### INSTRUCTIONS TO FOLLOW
Copy out the whole listing exactly as written, leaving the pictures behind.

### INPUT DATA
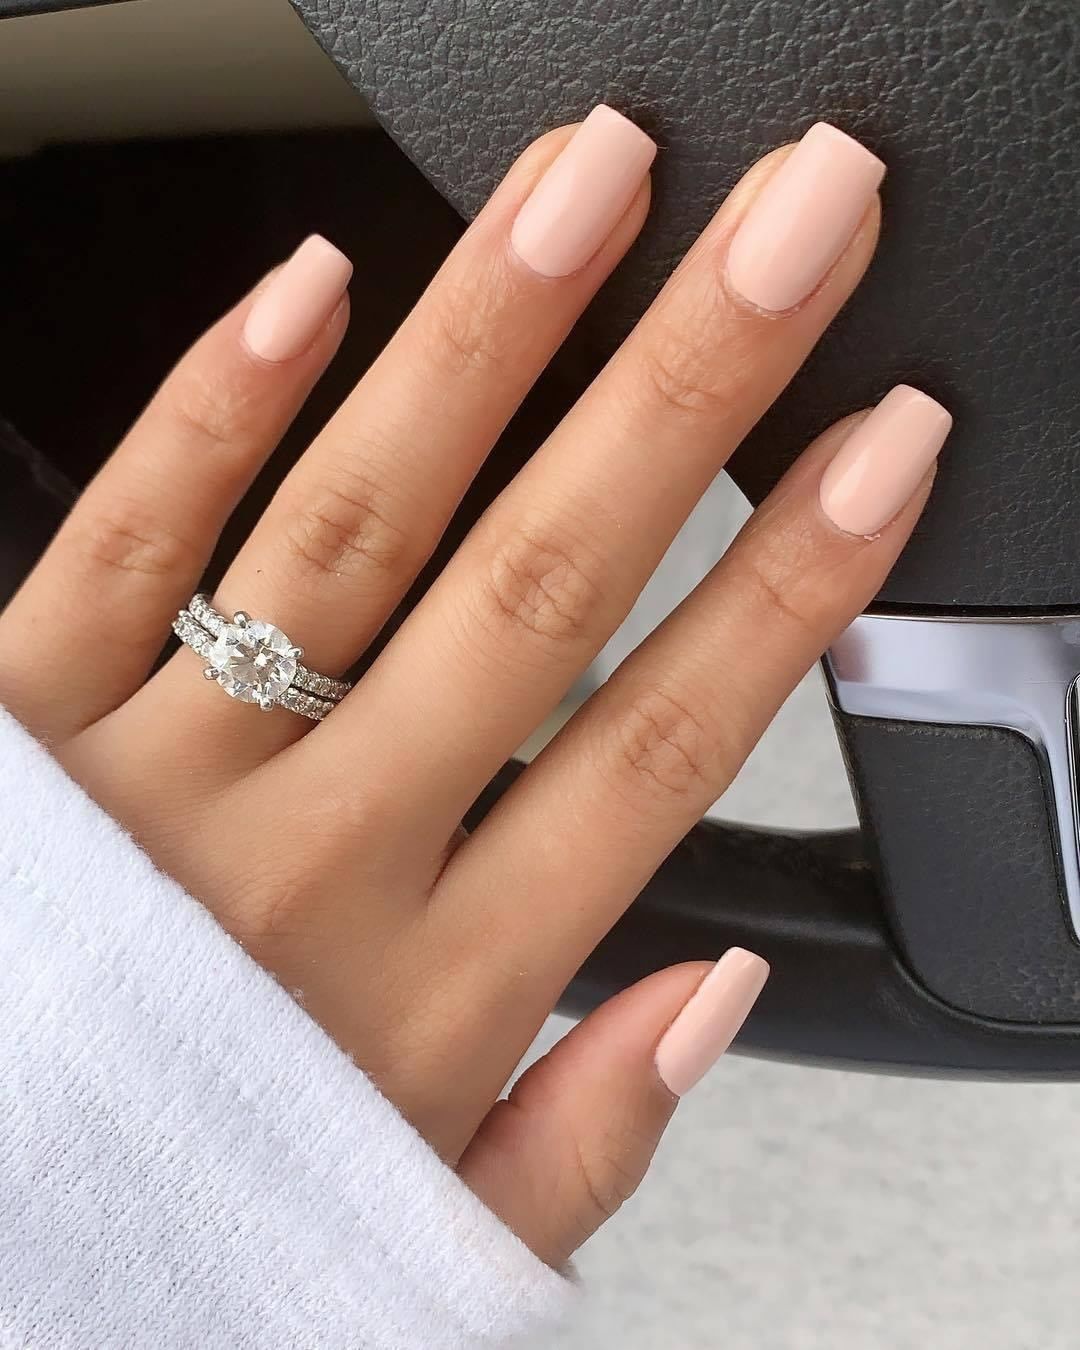 Shop Engagement Rings and Loose Diamonds Online
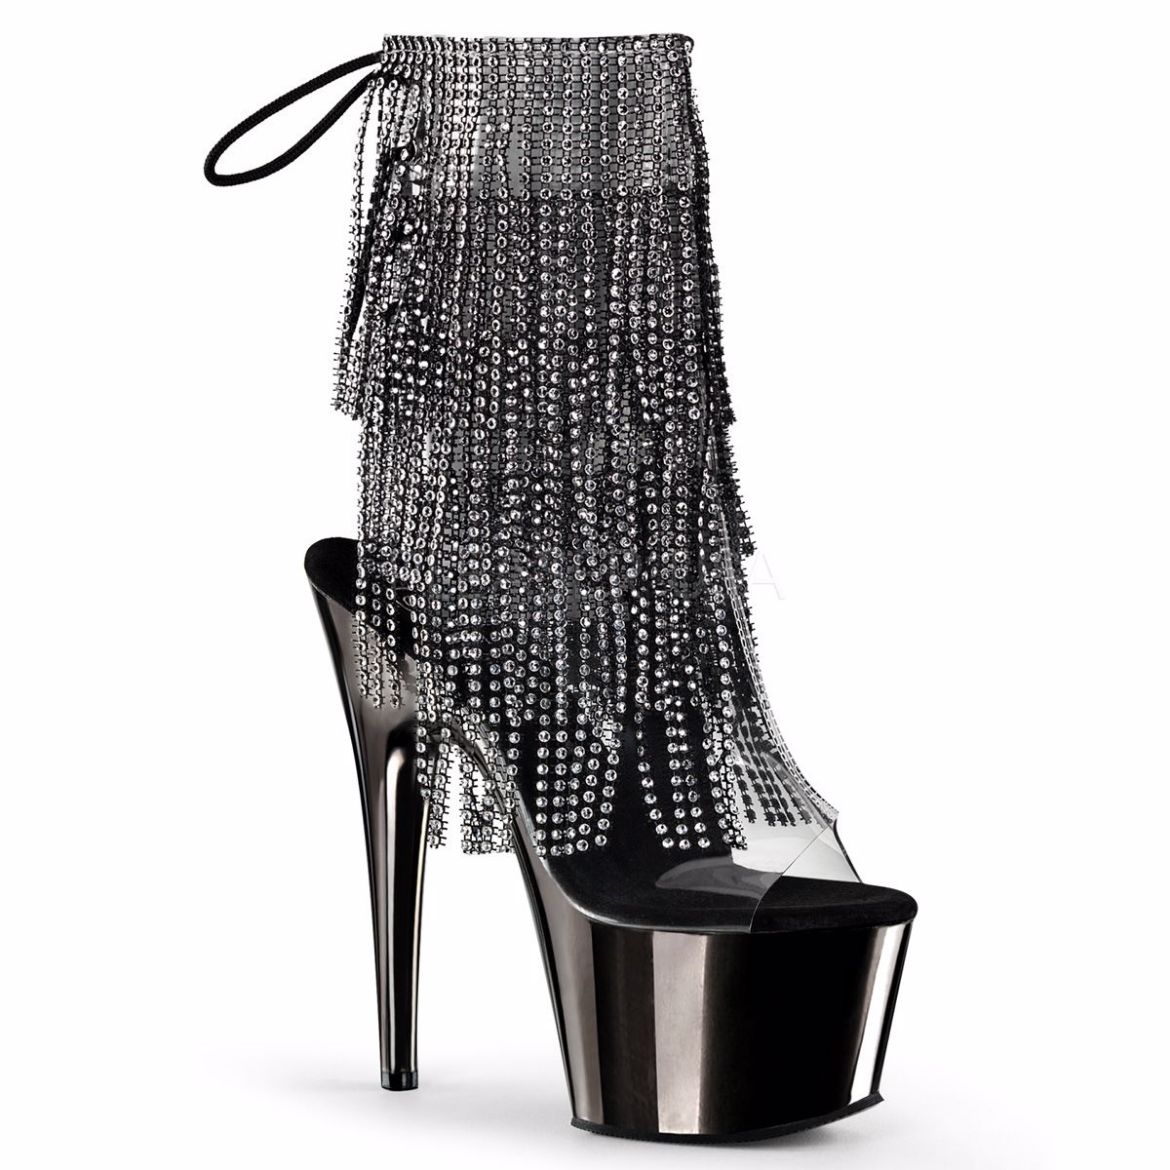 Product image of Pleaser Adore-1017Rsf Clear-Black/Dark Pewter Chrome, 7 inch (17.8 cm) Heel, 2 3/4 inch (7 cm) Platform Ankle Boot
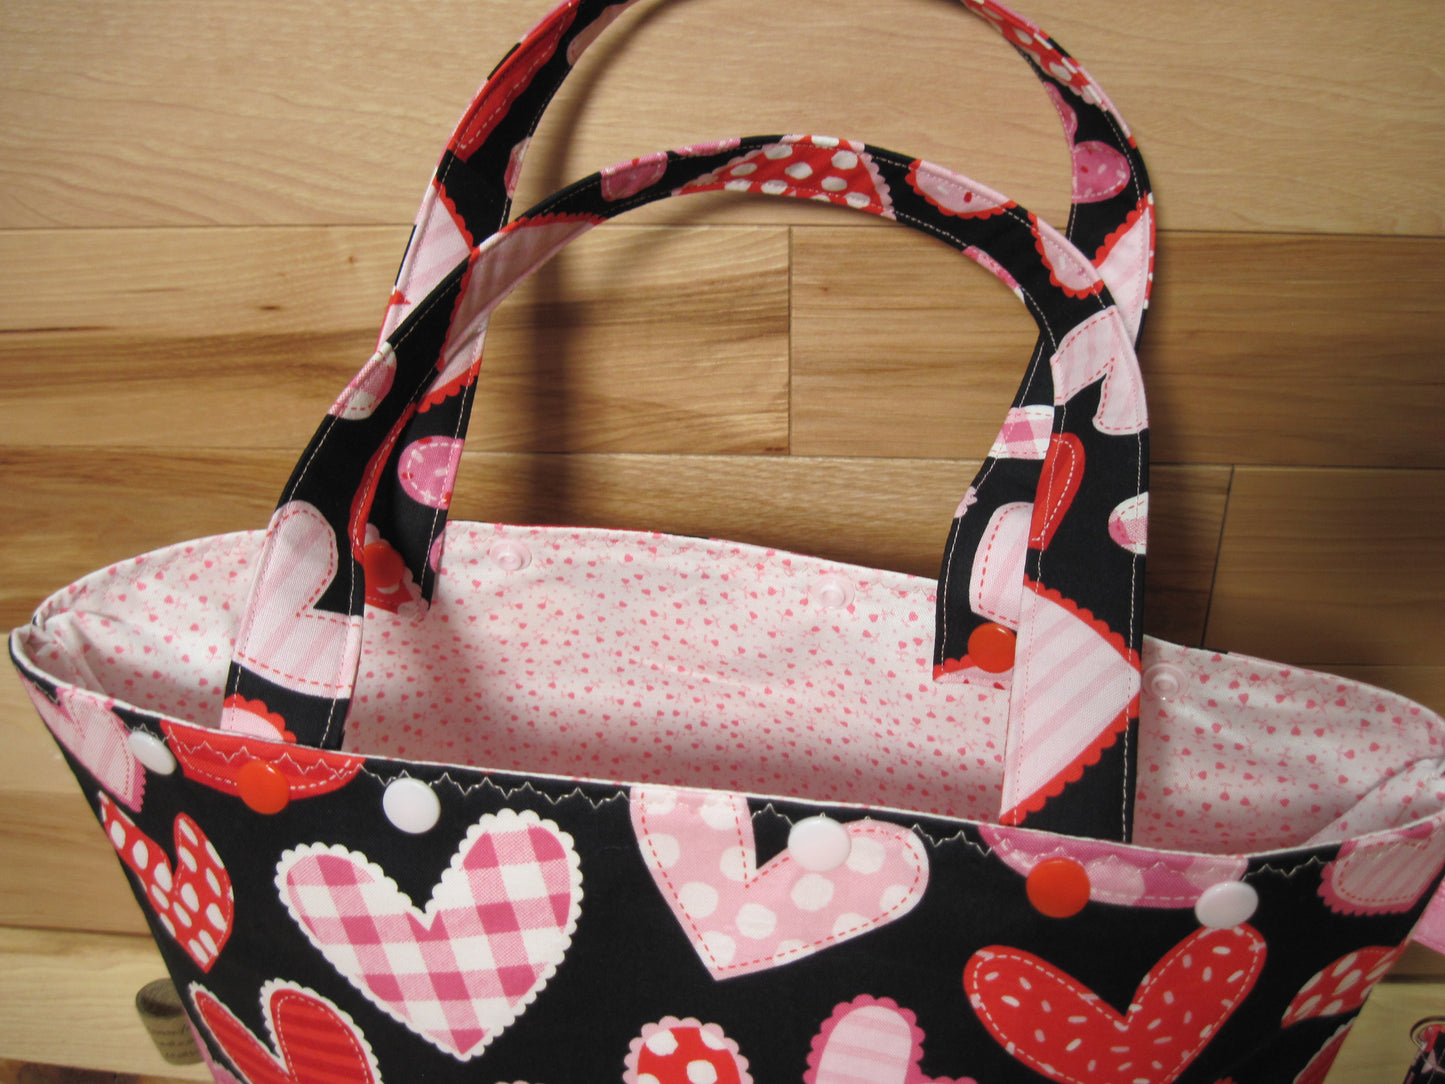 Large Valentine's Day Hearts w/ pink, snaps & removable handles project bag

### ANSWER AREA
 Shop Engagement Rings and Loose Diamonds Online
 Product image of Pleaser Adore-1017Rsf Clear-Black/Dark Pewter Chrome, 7 inch (17.8 cm) Heel, 2 3/4 inch (7 cm) Platform Ankle Boot
 Large Valentine's Day Hearts w/ pink, snaps & removable handles project bag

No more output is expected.